Copy each line of the data below exactly, leaving out pictures.

-- Supplied material follows --

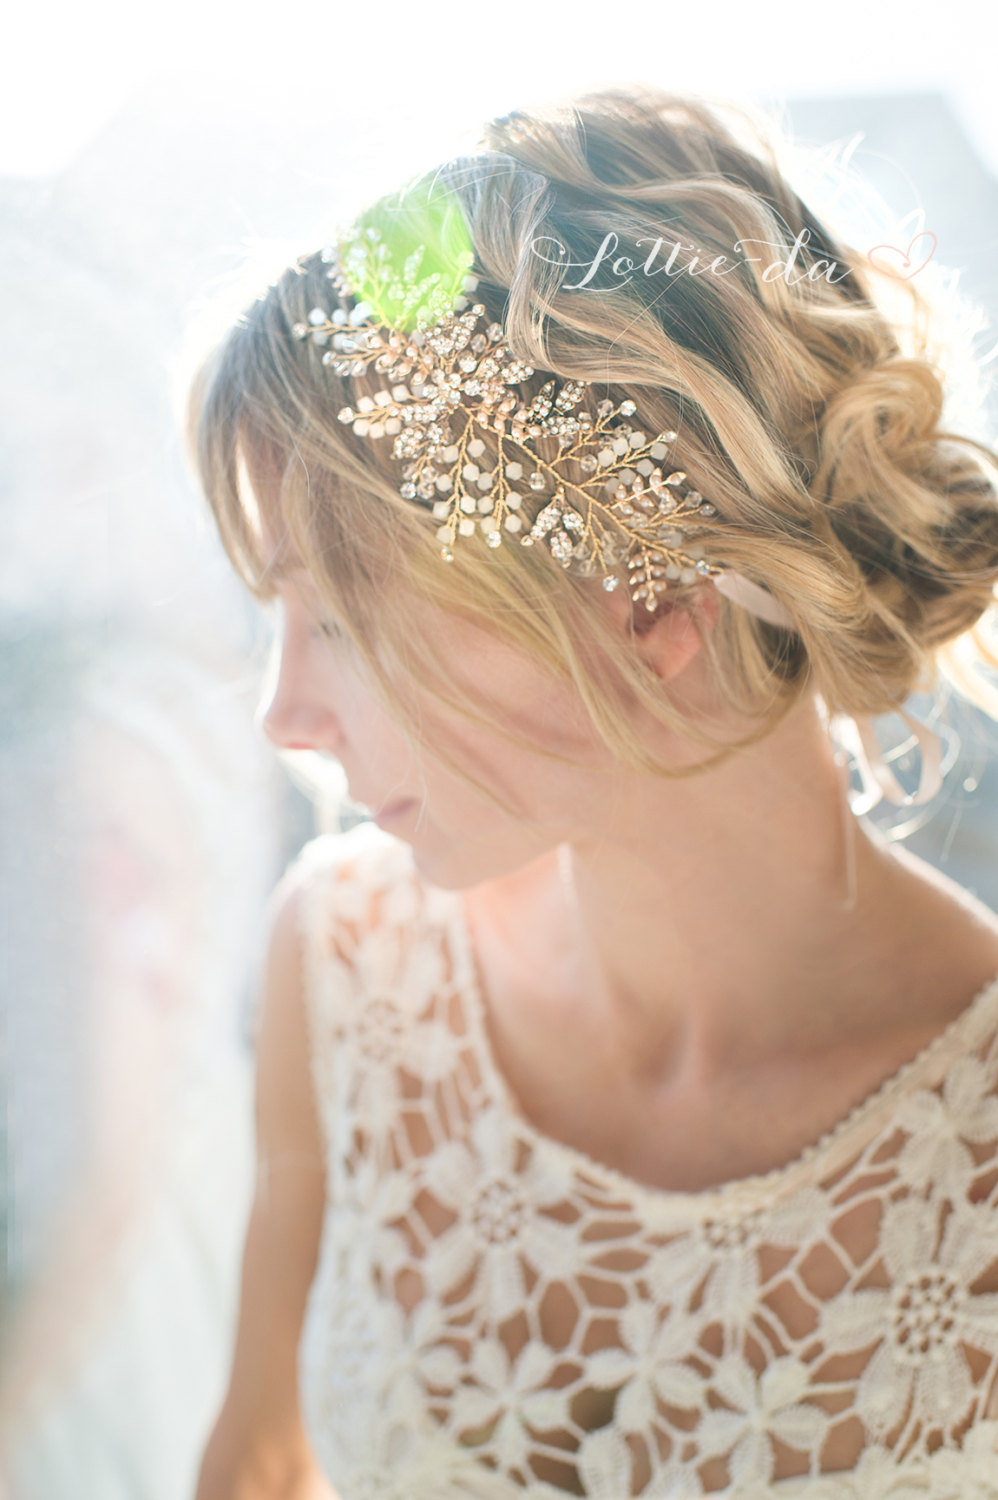 Leaf Wedding Headband / Headpiece by Lottie-da Designs | https://emmalinebride.com/2016-giveaway/leaf-wedding-headband/
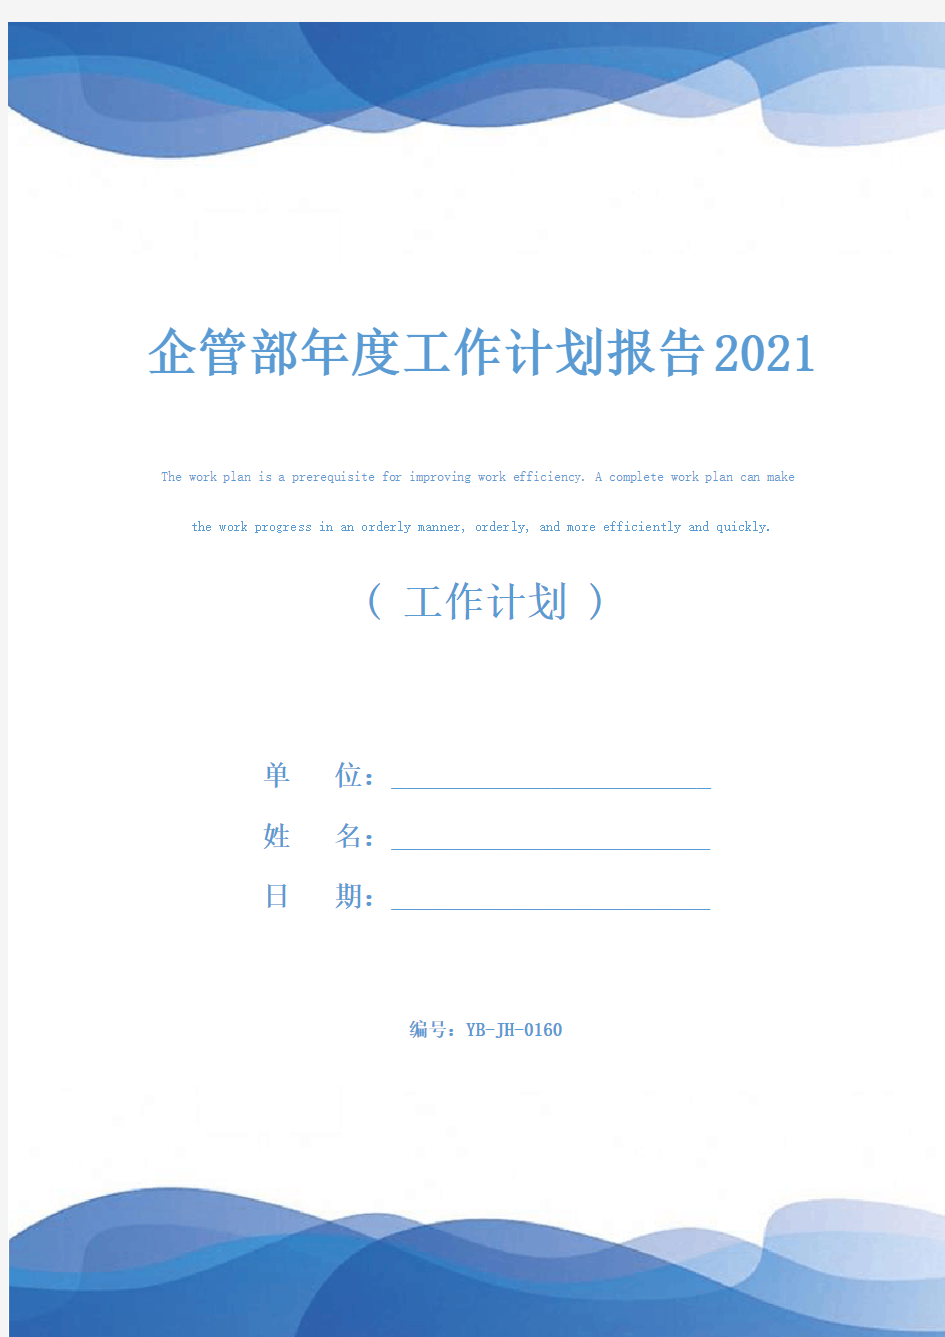 企管部年度工作计划报告2021
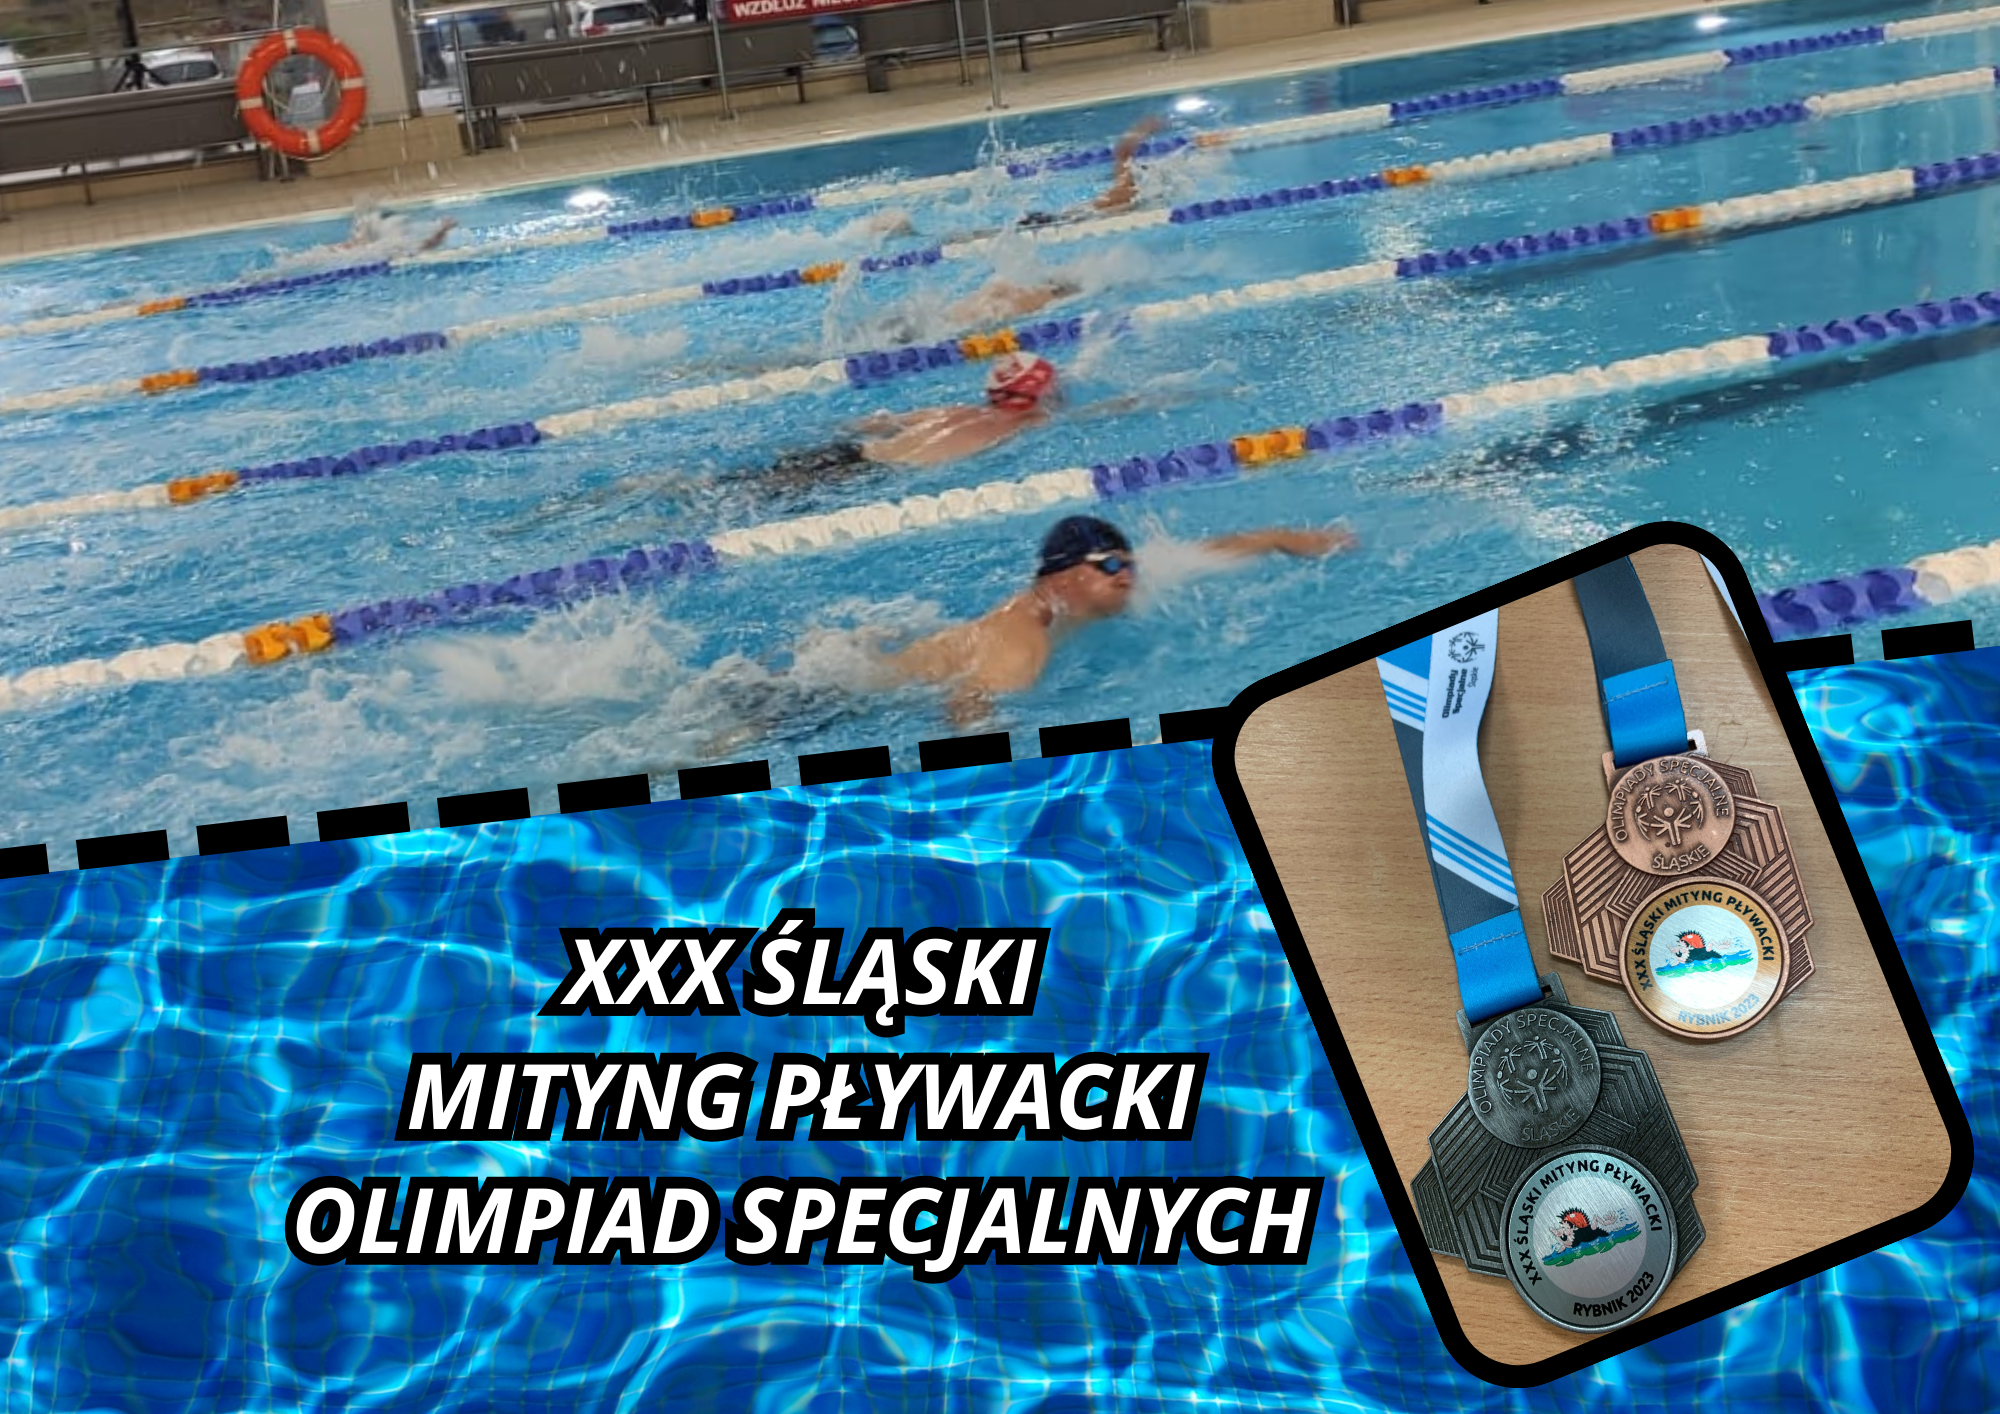 XXX Śląski Mityng Pływacki Olimpiad Specjalnych Rybnik 2023

-- Supplied material concluded --

Expected output
 Leaf Wedding Headband / Headpiece by Lottie-da Designs | https://emmalinebride.com/2016-giveaway/leaf-wedding-headband/
 企管部年度工作计划报告2021
 XXX Śląski Mityng Pływacki Olimpiad Specjalnych Rybnik 2023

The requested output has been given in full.